Sounds like you're golden, Jim.

With radiant heat you can expect nice big deltaT, call it 70 degF. At 2 gpm that's 70000 btu per hour. Any small steep curve pump should work for pumping the 300 feet round-trip, a 008, 15-58 for instance. If you've got a 007 laying around I'd even try it before springing for a new pump.

As a point of reference on the slab pump, I just hooked up a three-speed 15-58 -- because that's what I had laying around -- on a 1000 square feet of radiant flooring an it's doing a nice job on low speed with four 300 ft 1/2" PEX loops pulling through a 3/4" mixing valve. The mixing valve should definitely go in the shop.

--ewd

[Edit:]

Had another thought on this. For as much flow as it will take to feed 1200 sq ft, a single circ pulling though a mixer and all the way from storage could do the trick perfectly. Later another pump in parallel could feed the high temp unit when you're ready for that.

This would eliminate the problem of balancing the transfer flow with the demand flow and it would guarantee minimum return temperature to storage to prevent mixing of storage.
 
ew: With radiant heat you can expect nice big deltaT, call it 70 degF. At 2 gpm that’s 70000 btu per hour.

Is this really correct in a radiant slab application? While the math is right, isn't the btuh calculation based on delta-T between slab supply, slab return, and gpm? The mixing valve is not likely going to be set 70F higher than the slab. For example, I supply the six loops of 1/2"pex (275-300') in my floor at 100F, return is at about 70F, delta-T=30, gpm 2.75 based on the little flowmeters on the manifold, btuh = 41,000.

Of course, if the supply to the shop has a 70F delta-T with the mixing valve in the shop, the extra btu's on the slab return could be used in a unit heater, so 70,000 btu's are available; or the unit heater could have optional plumbing to allow it being supplied first with it's return to the slab and also a bypass to the slab, which I think is the way I would go. That would give immediate high heat boost if needed, and I bet the unit heater return is still high enough (100F+) to adequately supply the slab. In this scheme system delta-T could be 100F+ and > 100,000 btuh.

jimdeq, what's the size of your Tarm? How much extra btu's do you think you have available after heating the house?
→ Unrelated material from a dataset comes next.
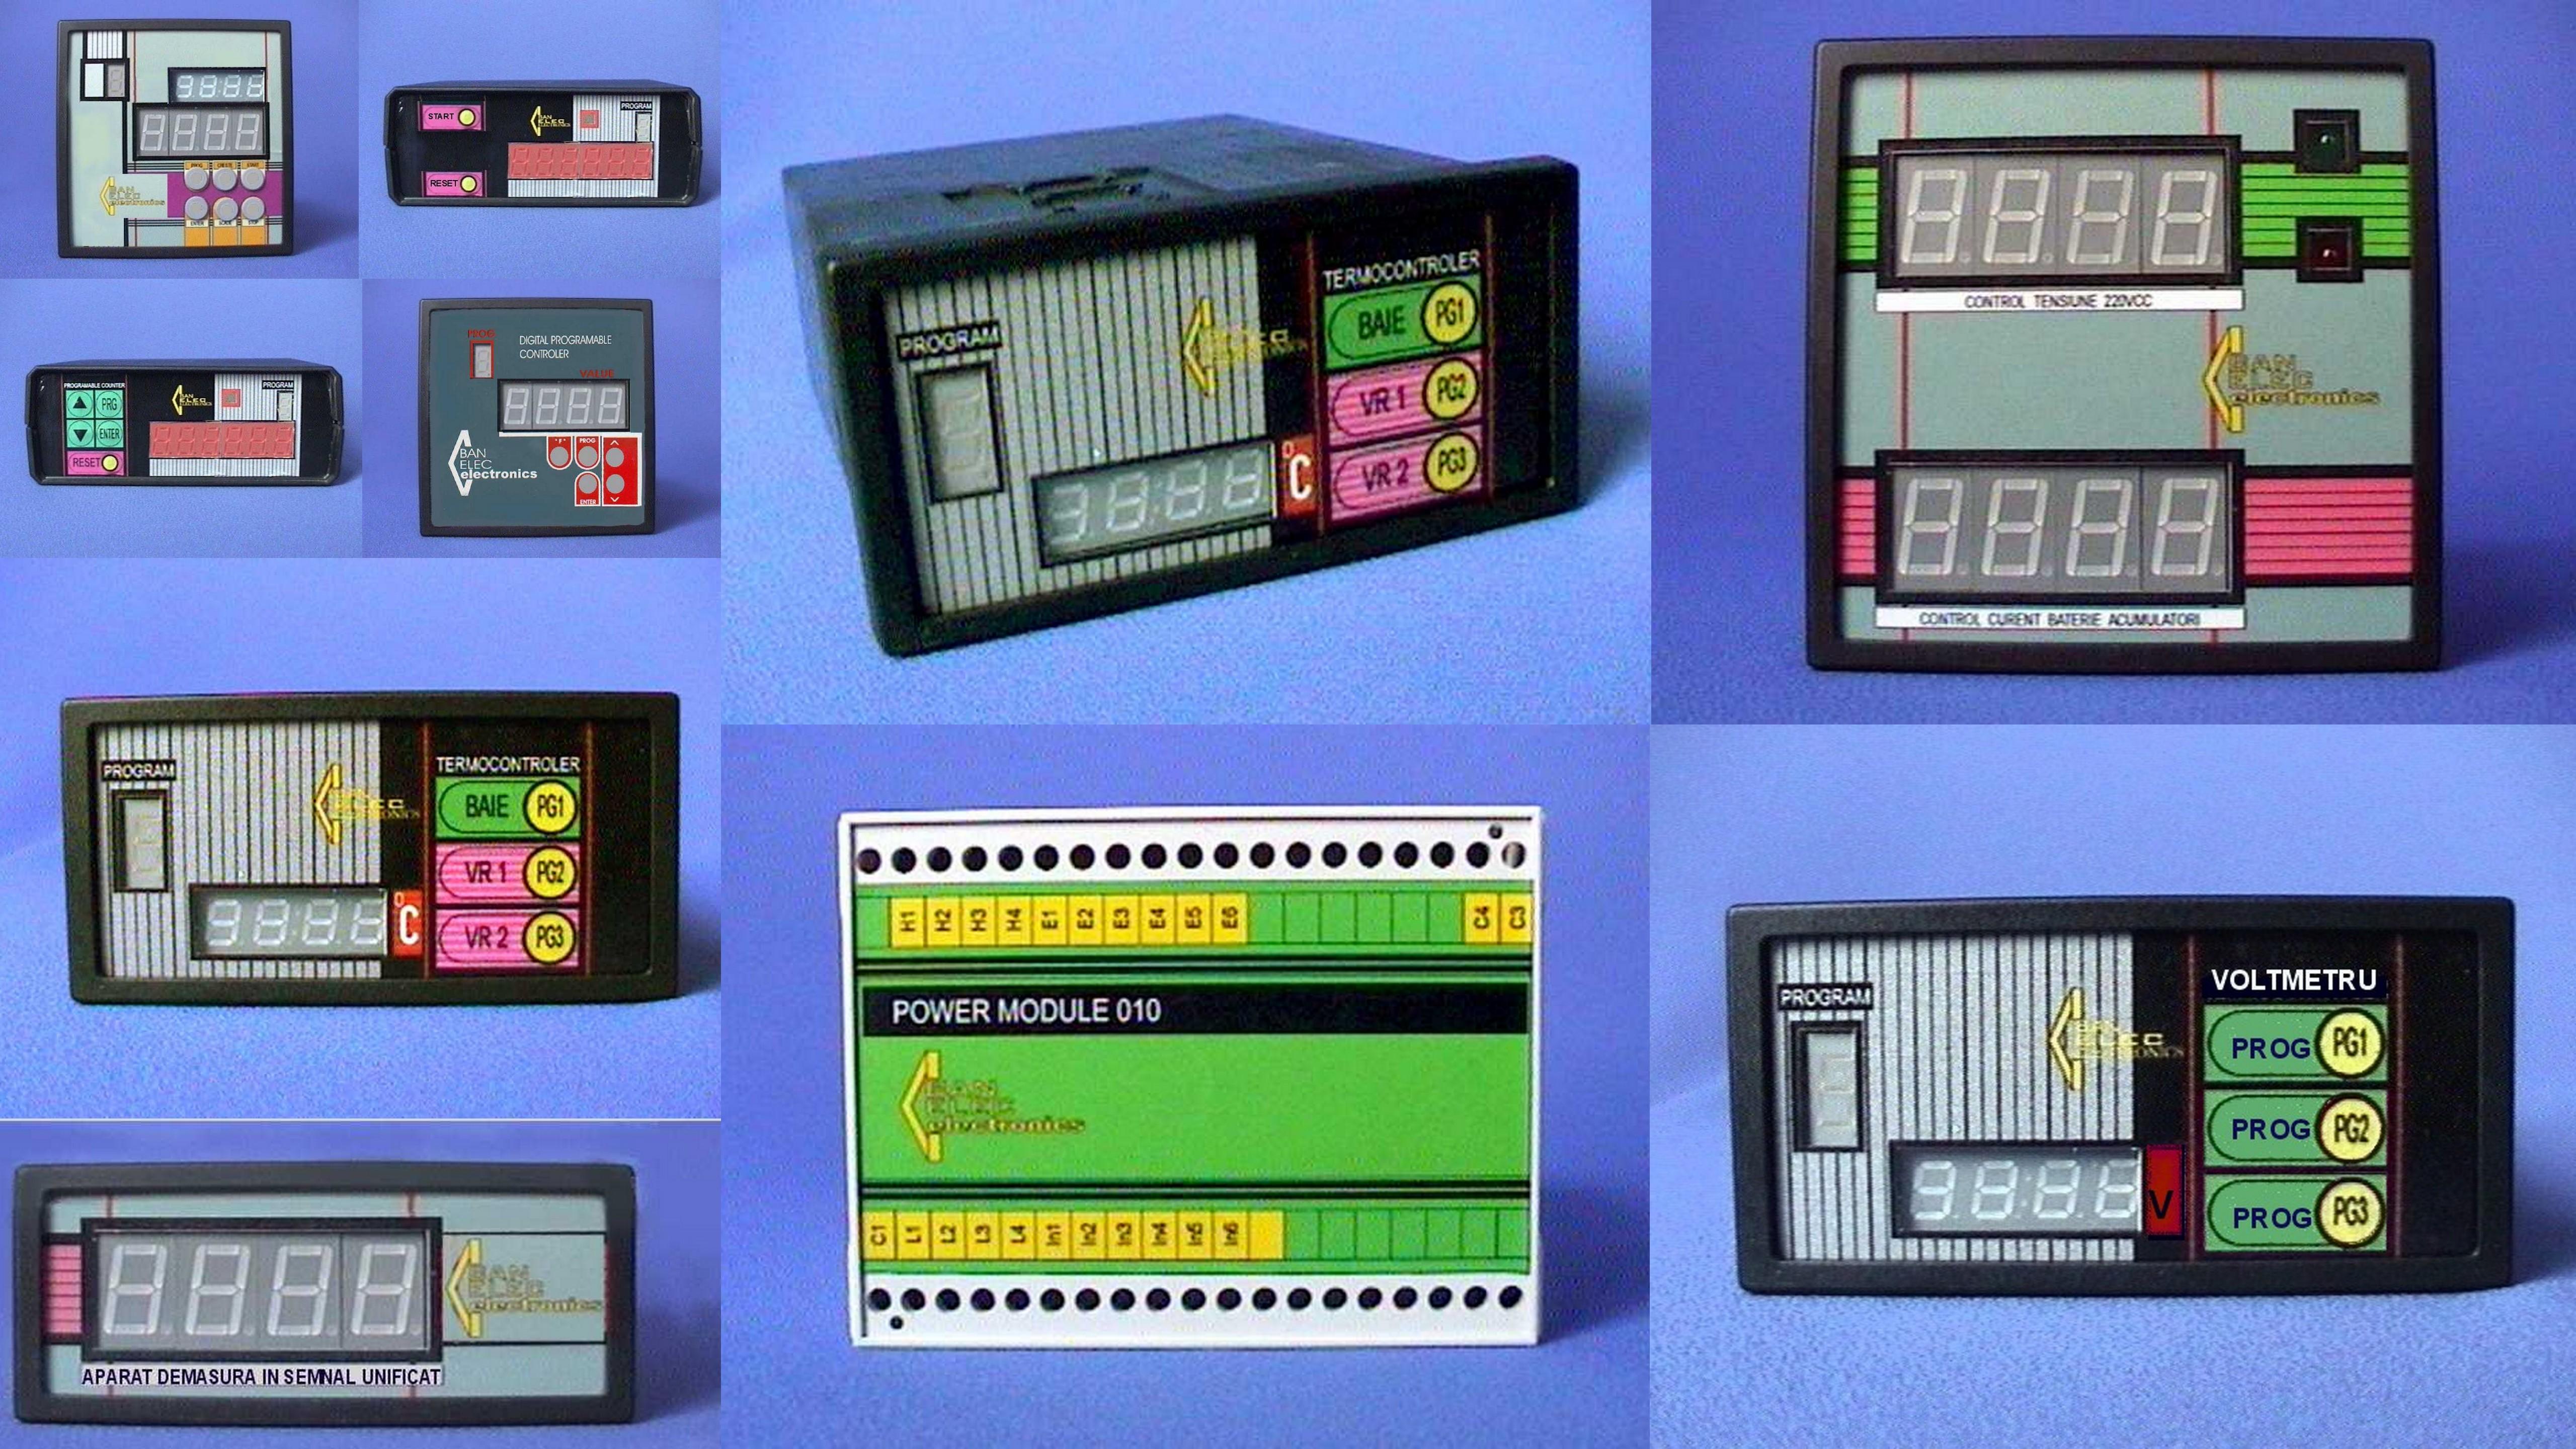 BanCelec.ro Automatizari, Retehnologizari, Proiectare

Your 1200 sq ft shop is a little smaller than mine (1500 sq ft, six loops) and by your description is better insulated than mine. With your location NE WI and mine in northern MN, our weather may not be too different, unless your temps are moderated by Lake Michigan or Lake Superior. Based on last winter, perhaps a little colder than the current "normal," my highest 24 hour heat load in the shop was about 17,000 btuh, more normal average winter heat load was 12-14,000 btuh. I keep the floor temp at 61F and 1F differential. The floor sensor shows a floor temp range 61-64F.
 
... or the unit heater could have optional plumbing to allow it being supplied first with it’s return to the slab and also a bypass to the slab, which I think is the way I would go.

Which is the way I did my plumbing. I have stub-outs in place for a unit heater which I have but have not installed. If installed, unit heater first, slab mixing valve and slab second. With the floor set at 61F, I never have needed an extra heat boost.
 
jebatty said:
ew: With radiant heat you can expect nice big deltaT, call it 70 degF. At 2 gpm that’s 70000 btu per hour.
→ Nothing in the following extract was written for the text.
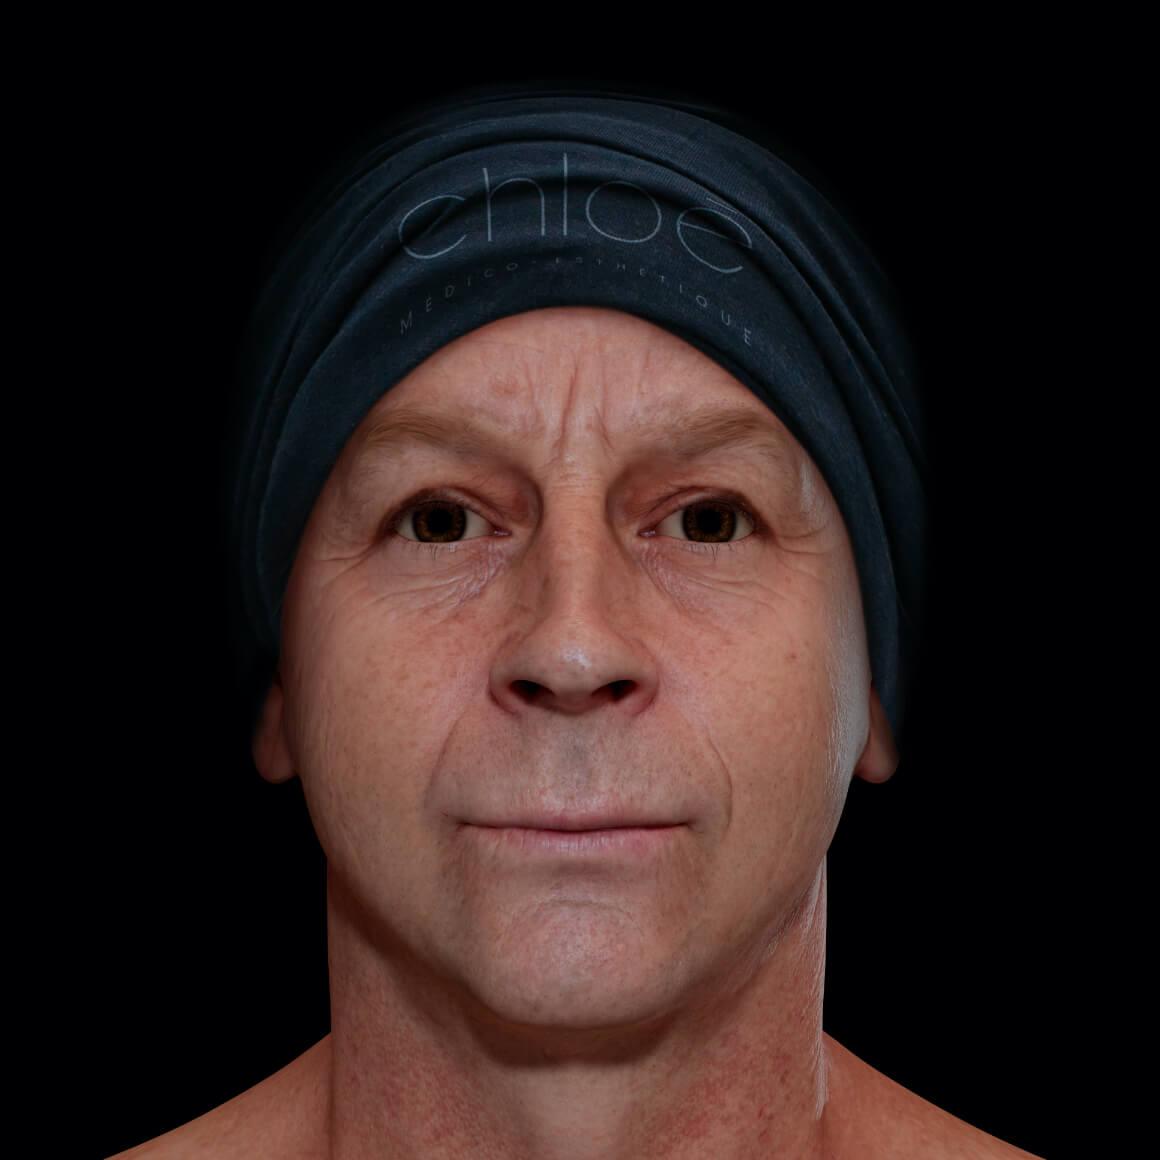 Patient de la Clinique Chloé positionné de face après des traitements de microneedling contre les pores dilatés

Is this really correct in a radiant slab application?

I think the OP is proposing two pumps, a transfer pump and a slab circ. The transfer pump would have the advantage of working with a large deltaT, you're right about the slab part.
 
I missed that, good observation. Might one circ work anyway?
 
jebatty said:
... Might one circ work anyway?

You bet, I was editing my original post with this suggestion as you were posting yours. I think a single pump pulling through a mixing valve and all the way from storage for the slab would be ideal. Should run the numbers, but I wouldn't be surprised if a single 15-58 would do it, or maybe a pressure controlled ECM Wilo Stratus or Grundfos Alpha, they're getting more and more affordable.
 
jimdeq said:
I am starting the second phase of my boiler system. I want to get my shop infloor up and running. My Tarm and 1140 gallons of pressurized storage are in my home with the storage in the basement. My heat loads in the house run off a Grundfos Alpha 15-55 which will also push water to a heat exchanger on the back wall of the house where I have 1-1/4" Thermopex. The Thermopex runs 150' to the shop. In the shop I have 1200 square feet of heated space. The Grade Beam slab has 1.5" high density foam underneath and 1" high density around the perimeter. The walls are also spray foamed and then batted. Ceiling will be blown in fiberglass. I installed 6 loops with a average of 275' of Wirsbo Hepex O2 barrier in the floor. My question is how large of a pump do I need to pump 150' from the house to the shop? I was thinking I would put the mixing valve in the shop instead of the house so I could still add a high temp unit heater if needed. Also what size pump would run the infloor and can the same pump supply the high temp unit heater? I also ran CAT 5 wire in a conduit from the house to the shop for control wiring. The system will be filled with glycol. I am looking forward to any suggestions and imput.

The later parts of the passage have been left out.